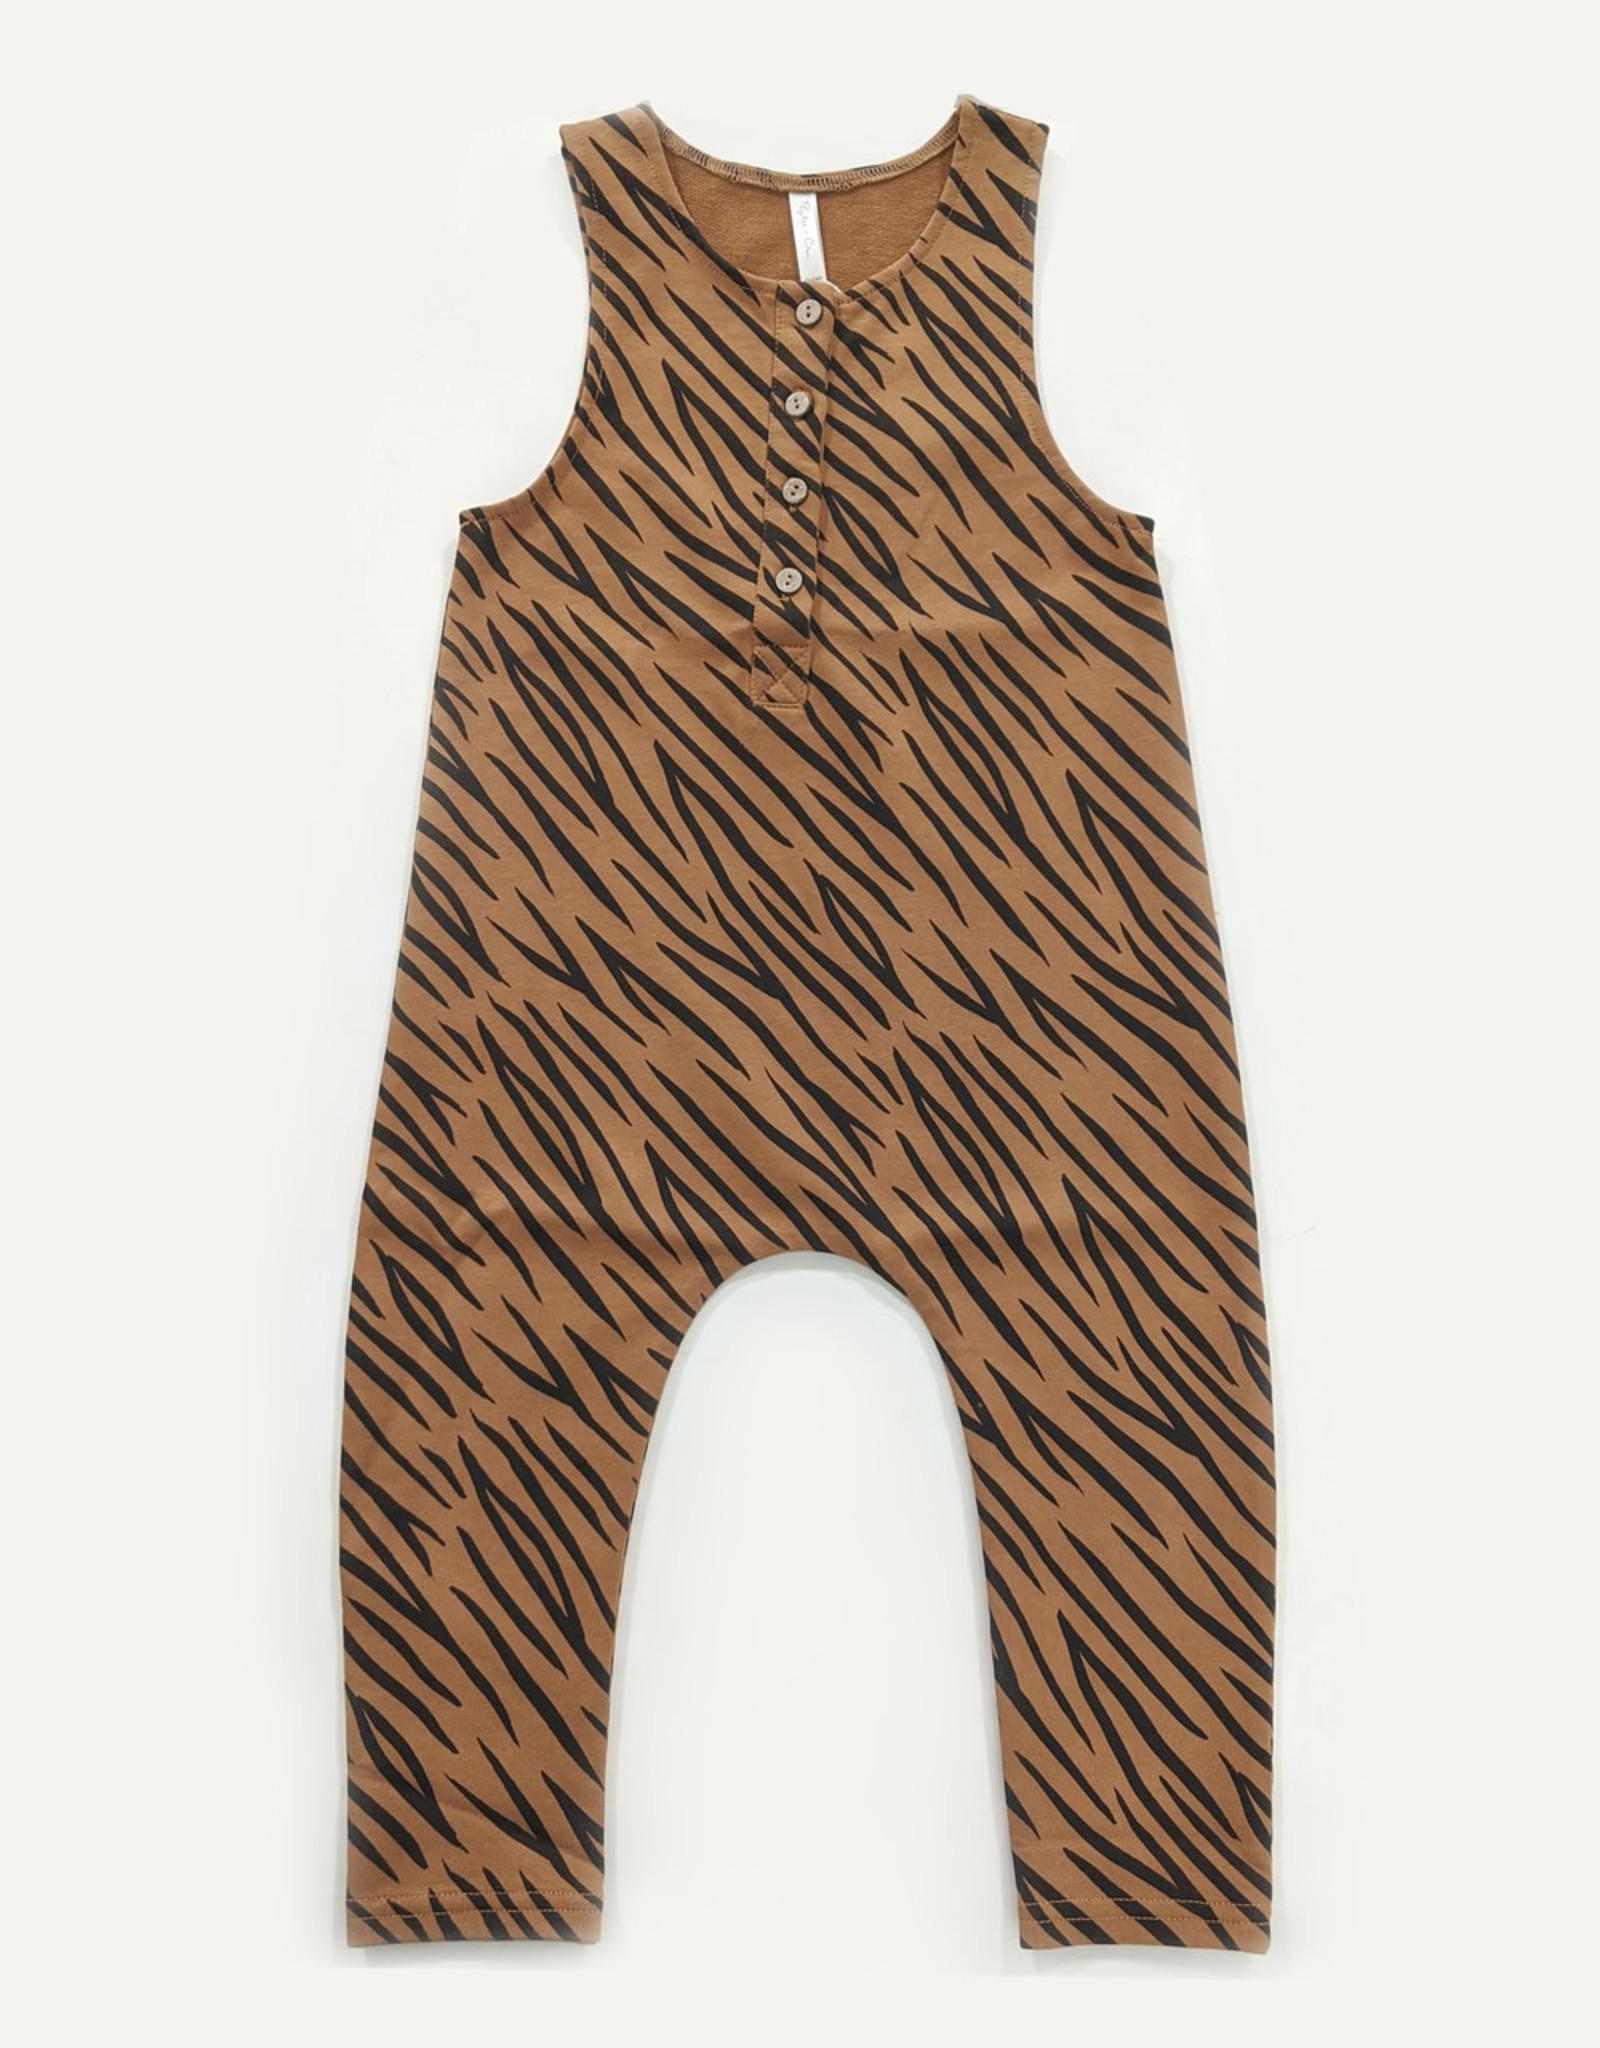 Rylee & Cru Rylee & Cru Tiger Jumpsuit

• • • •

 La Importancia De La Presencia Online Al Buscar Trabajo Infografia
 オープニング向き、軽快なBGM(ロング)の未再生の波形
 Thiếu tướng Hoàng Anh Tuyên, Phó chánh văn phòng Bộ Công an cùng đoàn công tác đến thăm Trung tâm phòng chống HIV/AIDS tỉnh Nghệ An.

• • • •

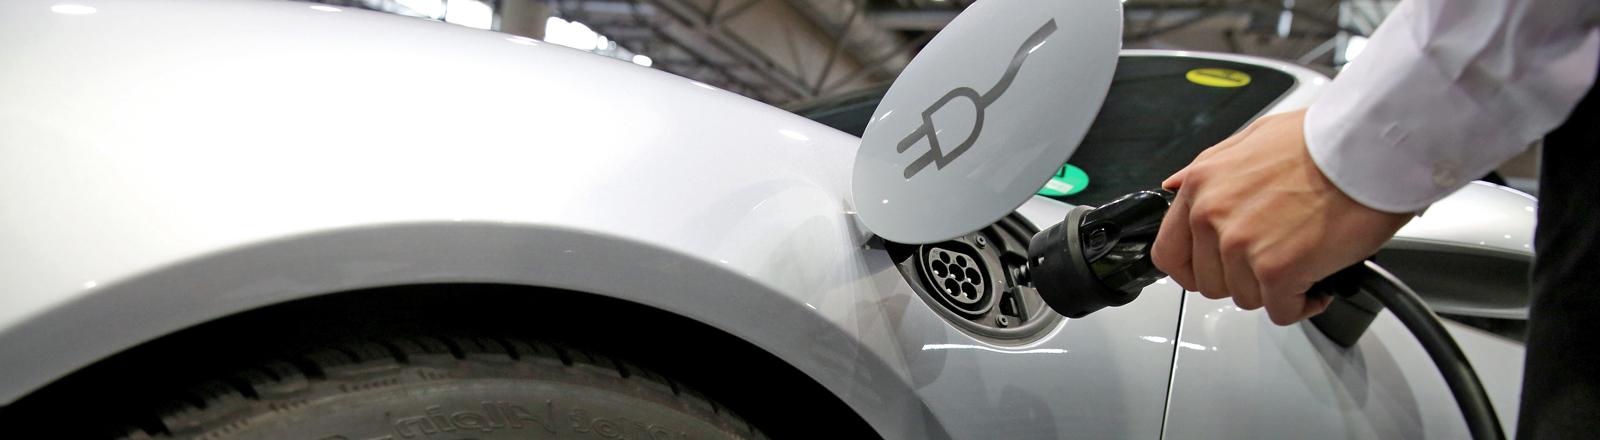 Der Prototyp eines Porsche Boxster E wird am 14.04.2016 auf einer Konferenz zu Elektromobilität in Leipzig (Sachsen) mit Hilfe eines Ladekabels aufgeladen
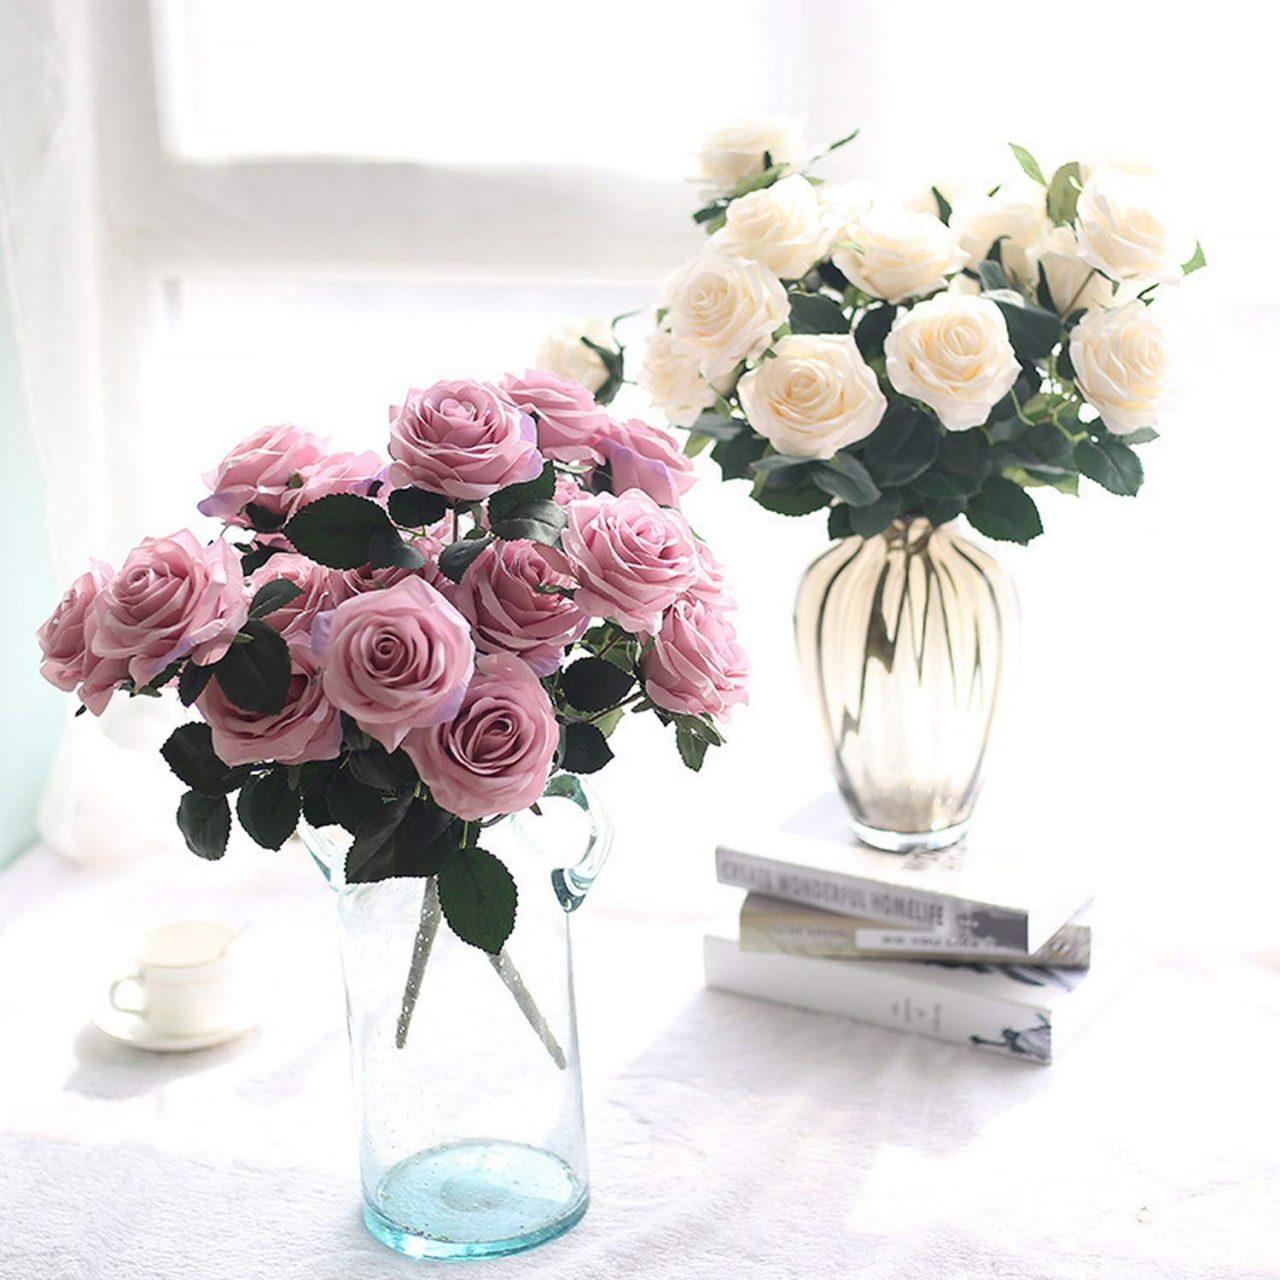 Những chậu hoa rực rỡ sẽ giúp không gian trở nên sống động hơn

• • • •

__About this exercise__. After locating the line with "La Importancia De" in the material above, return it and each line after it exactly, ending at the line with "Thiếu tướng Hoàng".

__Expected output__.
 La Importancia De La Presencia Online Al Buscar Trabajo Infografia
 オープニング向き、軽快なBGM(ロング)の未再生の波形
 Thiếu tướng Hoàng Anh Tuyên, Phó chánh văn phòng Bộ Công an cùng đoàn công tác đến thăm Trung tâm phòng chống HIV/AIDS tỉnh Nghệ An.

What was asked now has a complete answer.